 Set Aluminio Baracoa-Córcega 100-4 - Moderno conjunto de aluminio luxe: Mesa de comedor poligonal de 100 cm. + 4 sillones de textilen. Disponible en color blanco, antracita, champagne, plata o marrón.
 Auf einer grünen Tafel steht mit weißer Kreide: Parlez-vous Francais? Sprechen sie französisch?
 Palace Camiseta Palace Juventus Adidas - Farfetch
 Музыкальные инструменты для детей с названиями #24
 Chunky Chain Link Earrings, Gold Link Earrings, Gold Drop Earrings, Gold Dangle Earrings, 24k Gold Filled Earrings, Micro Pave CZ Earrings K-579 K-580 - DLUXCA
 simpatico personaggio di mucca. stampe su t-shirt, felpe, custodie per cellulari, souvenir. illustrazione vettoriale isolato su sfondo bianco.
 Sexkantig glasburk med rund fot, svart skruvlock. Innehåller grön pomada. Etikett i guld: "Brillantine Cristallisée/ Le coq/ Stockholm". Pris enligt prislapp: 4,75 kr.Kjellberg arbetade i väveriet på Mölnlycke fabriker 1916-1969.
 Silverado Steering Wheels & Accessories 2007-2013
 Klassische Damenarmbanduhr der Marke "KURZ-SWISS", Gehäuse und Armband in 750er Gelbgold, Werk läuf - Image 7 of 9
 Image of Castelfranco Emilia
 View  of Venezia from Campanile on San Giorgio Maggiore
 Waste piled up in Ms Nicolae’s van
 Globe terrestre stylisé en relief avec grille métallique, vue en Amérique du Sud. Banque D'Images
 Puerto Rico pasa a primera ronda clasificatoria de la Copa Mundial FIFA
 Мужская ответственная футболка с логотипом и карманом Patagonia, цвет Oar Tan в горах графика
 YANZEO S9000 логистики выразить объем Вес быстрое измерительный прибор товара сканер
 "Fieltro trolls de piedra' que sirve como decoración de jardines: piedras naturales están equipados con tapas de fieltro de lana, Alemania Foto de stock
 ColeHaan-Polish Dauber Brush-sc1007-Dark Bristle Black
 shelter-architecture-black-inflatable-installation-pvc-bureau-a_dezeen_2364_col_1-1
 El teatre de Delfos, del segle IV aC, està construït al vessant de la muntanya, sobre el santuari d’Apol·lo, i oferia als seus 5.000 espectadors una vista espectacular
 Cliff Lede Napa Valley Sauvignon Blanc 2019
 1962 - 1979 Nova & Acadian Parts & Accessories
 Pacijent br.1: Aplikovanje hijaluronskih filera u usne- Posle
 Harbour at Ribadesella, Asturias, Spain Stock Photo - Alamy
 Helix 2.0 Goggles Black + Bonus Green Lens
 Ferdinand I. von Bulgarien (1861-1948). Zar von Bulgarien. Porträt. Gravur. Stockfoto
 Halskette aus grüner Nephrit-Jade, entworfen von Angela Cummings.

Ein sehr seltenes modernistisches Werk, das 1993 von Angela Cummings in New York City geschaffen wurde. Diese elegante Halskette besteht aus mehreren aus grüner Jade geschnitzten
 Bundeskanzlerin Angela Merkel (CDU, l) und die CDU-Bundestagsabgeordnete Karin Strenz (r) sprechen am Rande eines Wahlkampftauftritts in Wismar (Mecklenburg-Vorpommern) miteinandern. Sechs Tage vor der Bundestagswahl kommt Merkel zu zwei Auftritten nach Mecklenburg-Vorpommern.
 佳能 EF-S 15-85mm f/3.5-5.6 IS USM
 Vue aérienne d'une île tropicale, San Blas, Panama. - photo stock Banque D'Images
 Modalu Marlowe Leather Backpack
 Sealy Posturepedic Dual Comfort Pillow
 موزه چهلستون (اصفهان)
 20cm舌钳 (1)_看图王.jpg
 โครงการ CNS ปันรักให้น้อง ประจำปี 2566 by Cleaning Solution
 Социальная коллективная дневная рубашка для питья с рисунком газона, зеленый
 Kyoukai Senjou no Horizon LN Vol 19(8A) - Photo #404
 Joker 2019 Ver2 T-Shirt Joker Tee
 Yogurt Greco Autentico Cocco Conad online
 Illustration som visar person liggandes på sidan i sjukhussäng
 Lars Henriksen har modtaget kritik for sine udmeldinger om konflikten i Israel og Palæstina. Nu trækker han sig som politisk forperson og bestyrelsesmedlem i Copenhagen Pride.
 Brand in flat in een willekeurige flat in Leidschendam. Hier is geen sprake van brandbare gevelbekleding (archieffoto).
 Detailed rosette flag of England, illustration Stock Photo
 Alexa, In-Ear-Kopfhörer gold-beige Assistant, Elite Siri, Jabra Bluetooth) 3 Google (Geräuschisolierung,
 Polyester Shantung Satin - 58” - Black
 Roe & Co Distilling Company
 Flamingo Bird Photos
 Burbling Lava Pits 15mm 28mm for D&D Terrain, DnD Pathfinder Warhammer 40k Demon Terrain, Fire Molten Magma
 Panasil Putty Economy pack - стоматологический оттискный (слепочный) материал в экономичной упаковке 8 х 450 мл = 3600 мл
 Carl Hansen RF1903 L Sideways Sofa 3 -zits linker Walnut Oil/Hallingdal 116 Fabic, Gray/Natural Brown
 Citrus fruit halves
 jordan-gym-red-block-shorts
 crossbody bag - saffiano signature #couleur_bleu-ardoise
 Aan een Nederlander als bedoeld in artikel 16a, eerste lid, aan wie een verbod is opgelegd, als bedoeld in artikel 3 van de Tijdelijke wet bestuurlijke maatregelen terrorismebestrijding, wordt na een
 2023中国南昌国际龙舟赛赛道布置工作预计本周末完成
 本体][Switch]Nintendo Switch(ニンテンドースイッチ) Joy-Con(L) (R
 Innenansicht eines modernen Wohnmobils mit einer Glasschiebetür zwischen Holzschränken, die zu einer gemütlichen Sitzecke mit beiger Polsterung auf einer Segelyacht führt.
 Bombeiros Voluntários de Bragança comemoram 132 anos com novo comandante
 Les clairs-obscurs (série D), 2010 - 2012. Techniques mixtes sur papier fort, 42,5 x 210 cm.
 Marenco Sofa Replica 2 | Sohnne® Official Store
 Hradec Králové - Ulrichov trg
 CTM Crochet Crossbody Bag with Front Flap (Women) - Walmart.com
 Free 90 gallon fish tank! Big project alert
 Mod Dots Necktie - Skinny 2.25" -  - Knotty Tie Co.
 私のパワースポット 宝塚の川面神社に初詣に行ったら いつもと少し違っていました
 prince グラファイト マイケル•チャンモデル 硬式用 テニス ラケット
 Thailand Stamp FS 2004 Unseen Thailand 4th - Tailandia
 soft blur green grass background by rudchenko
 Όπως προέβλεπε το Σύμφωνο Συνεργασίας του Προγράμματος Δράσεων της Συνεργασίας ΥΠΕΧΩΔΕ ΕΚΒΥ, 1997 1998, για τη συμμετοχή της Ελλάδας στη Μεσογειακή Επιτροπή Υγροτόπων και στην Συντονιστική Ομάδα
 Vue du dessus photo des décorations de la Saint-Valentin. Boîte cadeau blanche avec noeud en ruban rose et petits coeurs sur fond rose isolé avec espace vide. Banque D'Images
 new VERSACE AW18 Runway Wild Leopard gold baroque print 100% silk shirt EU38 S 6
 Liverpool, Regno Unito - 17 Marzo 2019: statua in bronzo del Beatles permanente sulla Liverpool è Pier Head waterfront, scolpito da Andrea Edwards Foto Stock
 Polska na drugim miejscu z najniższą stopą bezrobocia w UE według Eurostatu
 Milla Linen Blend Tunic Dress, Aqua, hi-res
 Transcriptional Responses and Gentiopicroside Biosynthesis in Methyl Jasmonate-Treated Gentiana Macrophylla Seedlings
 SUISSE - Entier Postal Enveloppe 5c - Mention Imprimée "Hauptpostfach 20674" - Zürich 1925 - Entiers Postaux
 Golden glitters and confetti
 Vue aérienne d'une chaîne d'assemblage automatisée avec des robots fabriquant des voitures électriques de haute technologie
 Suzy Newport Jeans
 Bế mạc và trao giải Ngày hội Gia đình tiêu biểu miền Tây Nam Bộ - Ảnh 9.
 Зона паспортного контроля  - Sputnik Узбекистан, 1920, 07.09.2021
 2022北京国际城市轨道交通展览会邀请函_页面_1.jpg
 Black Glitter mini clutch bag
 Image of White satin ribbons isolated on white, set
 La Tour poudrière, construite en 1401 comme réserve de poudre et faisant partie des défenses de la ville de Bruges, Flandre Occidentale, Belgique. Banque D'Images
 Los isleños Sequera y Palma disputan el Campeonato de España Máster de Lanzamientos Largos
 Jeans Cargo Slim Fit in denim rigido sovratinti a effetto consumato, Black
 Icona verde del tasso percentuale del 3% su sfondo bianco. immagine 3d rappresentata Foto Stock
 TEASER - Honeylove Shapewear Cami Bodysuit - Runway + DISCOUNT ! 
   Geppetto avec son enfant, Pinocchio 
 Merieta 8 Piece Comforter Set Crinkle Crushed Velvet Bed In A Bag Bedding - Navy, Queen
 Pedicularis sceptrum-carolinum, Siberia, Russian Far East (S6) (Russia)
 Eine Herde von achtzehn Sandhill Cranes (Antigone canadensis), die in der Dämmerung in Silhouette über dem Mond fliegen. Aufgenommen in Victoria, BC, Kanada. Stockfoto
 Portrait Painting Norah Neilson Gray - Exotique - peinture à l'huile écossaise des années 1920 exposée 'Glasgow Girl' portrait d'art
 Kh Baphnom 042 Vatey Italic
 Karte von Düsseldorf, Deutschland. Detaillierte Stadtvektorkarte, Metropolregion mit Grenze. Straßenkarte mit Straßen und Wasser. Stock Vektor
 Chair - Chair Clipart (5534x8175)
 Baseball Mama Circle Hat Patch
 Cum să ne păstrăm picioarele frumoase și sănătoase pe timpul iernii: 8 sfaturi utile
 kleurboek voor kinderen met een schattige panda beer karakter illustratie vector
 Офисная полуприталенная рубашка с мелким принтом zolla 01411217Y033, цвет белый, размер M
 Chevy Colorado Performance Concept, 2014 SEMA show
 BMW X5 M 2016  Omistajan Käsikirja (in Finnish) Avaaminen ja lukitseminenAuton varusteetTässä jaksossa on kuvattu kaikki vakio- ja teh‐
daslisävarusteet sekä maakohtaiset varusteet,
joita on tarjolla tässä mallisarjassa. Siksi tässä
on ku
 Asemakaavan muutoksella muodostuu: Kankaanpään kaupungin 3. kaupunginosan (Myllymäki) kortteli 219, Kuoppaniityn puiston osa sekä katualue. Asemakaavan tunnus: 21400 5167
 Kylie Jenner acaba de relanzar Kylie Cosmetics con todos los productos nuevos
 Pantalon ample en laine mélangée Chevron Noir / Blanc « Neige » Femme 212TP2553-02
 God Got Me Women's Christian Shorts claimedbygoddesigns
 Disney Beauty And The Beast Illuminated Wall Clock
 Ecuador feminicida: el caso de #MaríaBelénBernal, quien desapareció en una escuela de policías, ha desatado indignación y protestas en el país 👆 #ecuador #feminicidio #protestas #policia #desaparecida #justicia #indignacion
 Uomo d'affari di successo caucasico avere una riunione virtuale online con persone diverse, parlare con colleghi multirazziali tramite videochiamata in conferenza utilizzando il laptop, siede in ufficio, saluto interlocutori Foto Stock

# REQUIRED ACTION
Return the entries exactly through the "Музыкальные инструменты для" line.

# EXERCISE SOLUTION
 Set Aluminio Baracoa-Córcega 100-4 - Moderno conjunto de aluminio luxe: Mesa de comedor poligonal de 100 cm. + 4 sillones de textilen. Disponible en color blanco, antracita, champagne, plata o marrón.
 Auf einer grünen Tafel steht mit weißer Kreide: Parlez-vous Francais? Sprechen sie französisch?
 Palace Camiseta Palace Juventus Adidas - Farfetch
 Музыкальные инструменты для детей с названиями #24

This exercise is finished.